We'll then discuss how structured data gives rise to rich use cases such as enrichment and routing that can provide additional operational and business value to your organization.
Presenter Bio: Mike Trienis loves building data products that scale. That means implementing simple solutions with minimal maintenance through automation and eloquent designs. My software experience spans the full stack; from system level deployment to application implementation. In particular, I have spent quite a bit of time working with streaming technologies such as Apache Kafka and Apache Spark.
--------------------------------------------------------------------------------
Apache Kafka: New Features That You Might Not Know About
In the last two years Apache Kafka rapidly introduced new versions, going from 0.10.x to 2.x. It can be hard to keep up with all the updates and a lot of companies still run 0.10.x clusters (or even older ones).
Join this session to learn new exciting features in Kafka introduced in 0.11, 1.0, 1.1 and 2.0 versions including, but not limited to, the new protocol and message headers, transactional support and exactly-only delivery semantics, as well as controller changes that make it possible to shutdown even large clusters in seconds.
Presenter Bio: Yaroslav Tkachenko is a software engineer interested in distributed systems, microservices, functional programming, modern cloud infrastructure and DevOps practices. Currently Yaroslav is a Software Architect at Activision, working on a Big Data platform.
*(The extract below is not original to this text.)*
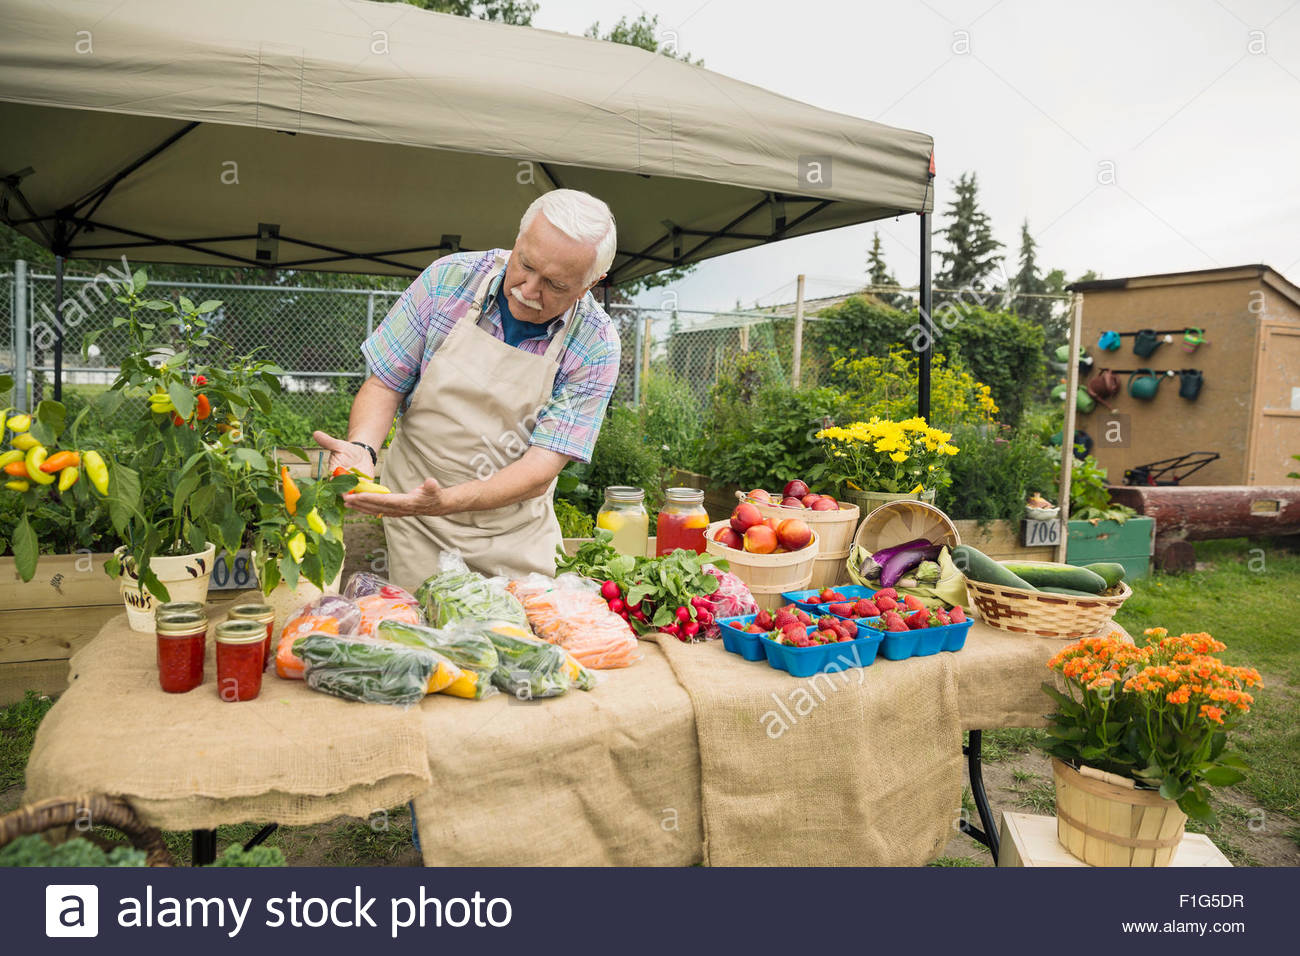 Senior farmer checking produce farmers market stall - Stock Image

Prior to joining Activision Yaroslav held various leadership roles in multiple startups. He was responsible for designing, developing, delivering and maintaining platform services and cloud infrastructure for mission critical systems.
A lightning talk on some how-to's and lessons learnt for building a pipeline data monitor using Kafka Connect Elasticsearch and Kibana.
Presenter bio: Yi Zhang is a software developer at Demonware working on building scalable data pipeline. Prior to Demonware, she worked at NetApp building distributed object storage system. She has a keen interest in data streaming, mining and analytics.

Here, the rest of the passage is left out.